Minister of Wildlife, Conservation and Tourism
- In office 21 March 1990 – 20 March 1995
- Preceded by: position established
- Succeeded by: Gert Hanekom

Personal details
- Born: 12 June 1948 Walvis Bay, South West Africa
- Died: 25 March 2008 (aged 59) Khomasdal, Windhoek
- Party: SWAPO
- Spouse(s): Hermine Bessinger, née Bertolini
- Children: Dietrich Bessinger, Anthony Bessinger, Hatani Bertolini, Kakuna Calista Karuaihe, Xavier Karuaihe
- Occupation: Architect

= Niko Bessinger =

Namibian politician (1948–2008)

Nikolaus Onverwag 'Niko' Bessinger (12 June 1948 – 25 March 2008) was a Namibian politician and independence activist.

Bessinger was born on 12 June 1948 in Walvis Bay, South West Africa. Born into the Goreseb clan which is closely related to the Goreseb Royal House. He attended St. Bonifacius Roman Catholic Primary School in Windhoek, Augustineum Secondary School in Okahandja and matriculated at Athlone High School in Cape Town in 1966. He then studied architecture at the University of Cape Town from 1969 to 1972 before receiving a Fulbright scholarship to study at the University of Detroit in the United States. He received the National Dean's List Award in 1979 and 1980. Bessinger graduated with a B.Sc. (Architecture) in 1980 and a B.Arch. in 1981 before being registered as an Architect in Namibia in 1983 (Member of the Namibia Institute of Architects and the Namibia Council of Architects and Quantity Surveyors). In Namibia he joined Kerry McNamara and Associates as partner, a move that cost his senior partner Kerry McNamara, a White Namibian, several contracts from the state and from private individuals.
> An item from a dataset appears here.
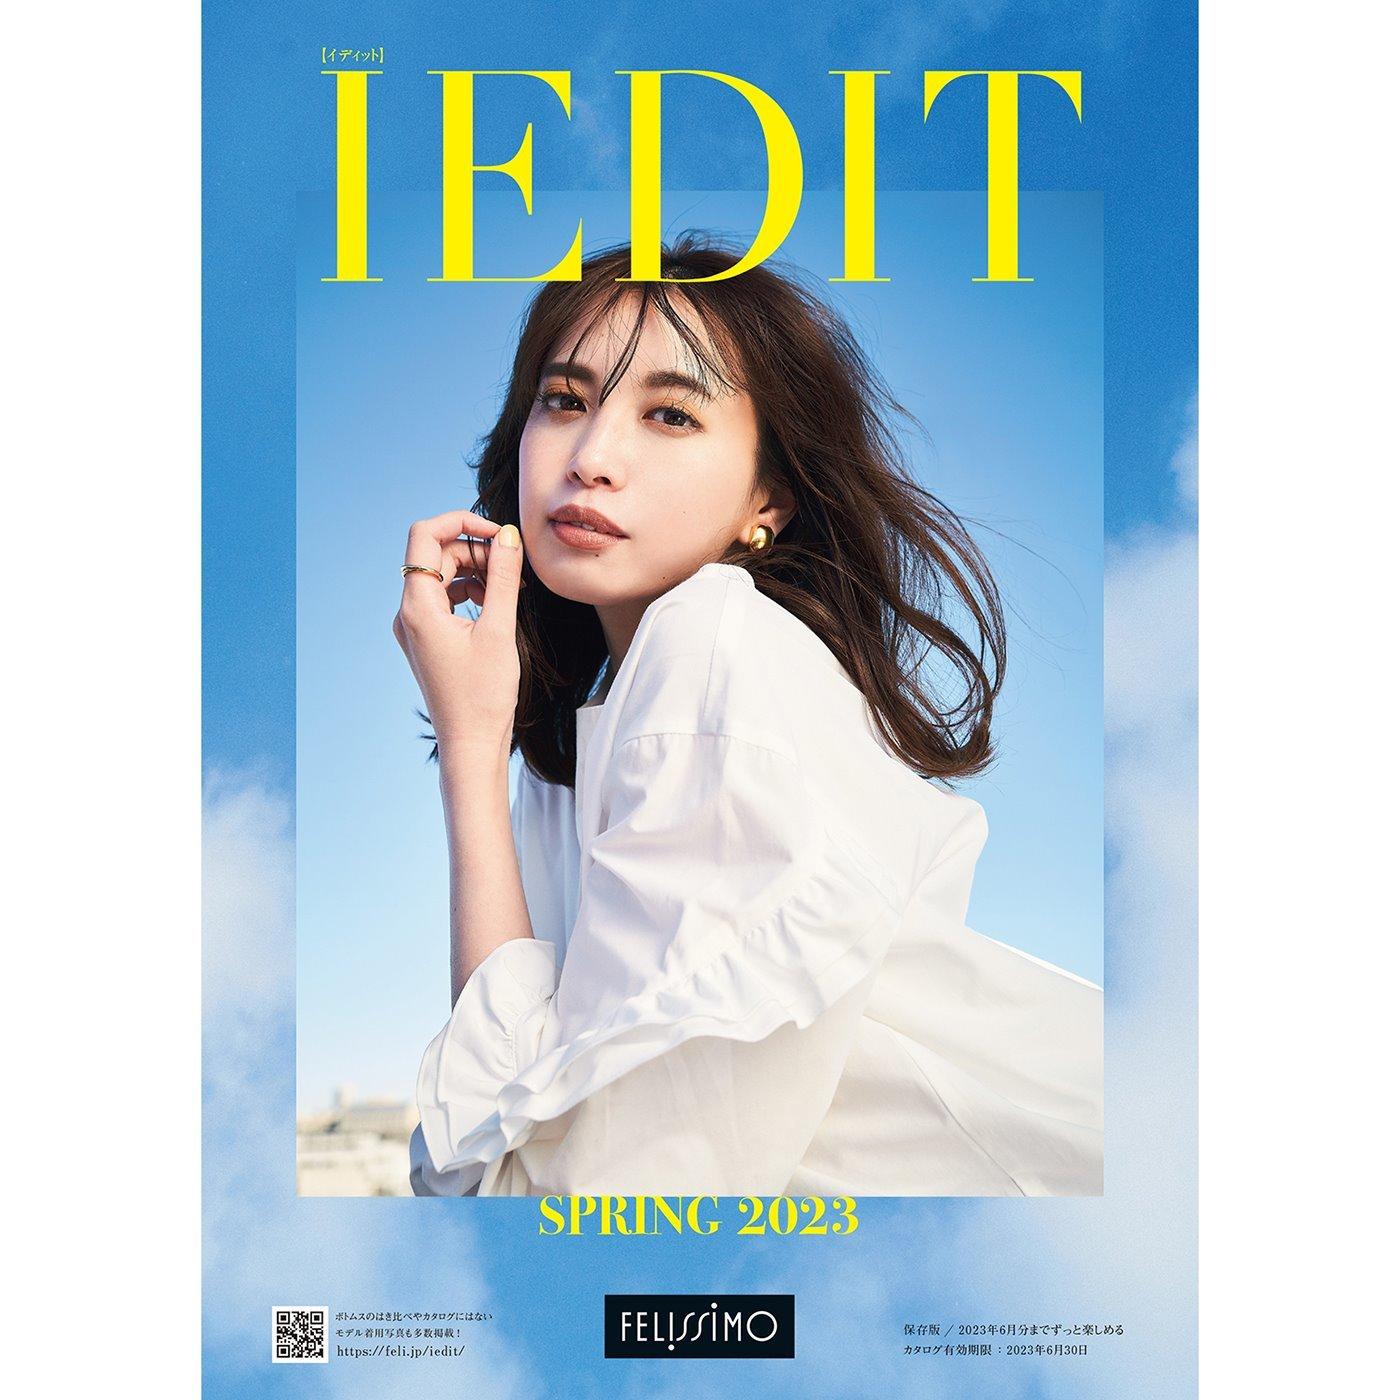 『IEDIT[イディット]』 カタログ予約

Bessinger joined SWAPO in 1972 and became treasurer of the Windhoek office in 1976. He became national treasurer a year later. He was the joint secretary for foreign affairs on the SWAPO national executive within Namibia from 1981 until 1989. He also served as the designated principal liaison officer with UNTAG until the return of the external leadership in 1989. During this time, he was arrested several times by South African authorities. On 11.09.1987 Judge J Bethune ordered the release of a number of SWAPO activists (Hendrik Witbooi, Danny Tjongarero, Niko Bessinger, Anton Lubowski, John Pandeni and Ben Ulenga) who were detained by the South African Authorities in terms of the Terrorism Act, 1967.

Upon independence in 1990, he was elected to the National Assembly and on 21.03.1990 was appointed by president Sam Nujoma as the first Minister of Wildlife, Conservation and Tourism, a position he held until 20 March 1995. He was elected to the National Assembly again in 1994 before resigning in 1996, when he was replaced by Marlene Mungunda. He remained on the SWAPO Party central committee until 2007.

Bessinger died of a heart attack on 25 March 2008 at his home in the Khomasdal suburb of Windhoek. At the time of his death, he was a diabetic and had cancer. President Hifikepunye Pohamba on 30 March 2008 conferred the honour of national hero to him. He was buried next to his mother's grave, Calista Bessinger, at the Khomasdal cemetery in Windhoek. Niko Bessinger was married to Hermine Bessinger, née Bertolini, and is survived by his children, Dietrich Bessinger, Anthony Bessinger, Hatani Bertolini, Kakuna Calista Karuaihe, Xavier Bessinger and 5 grandchildren.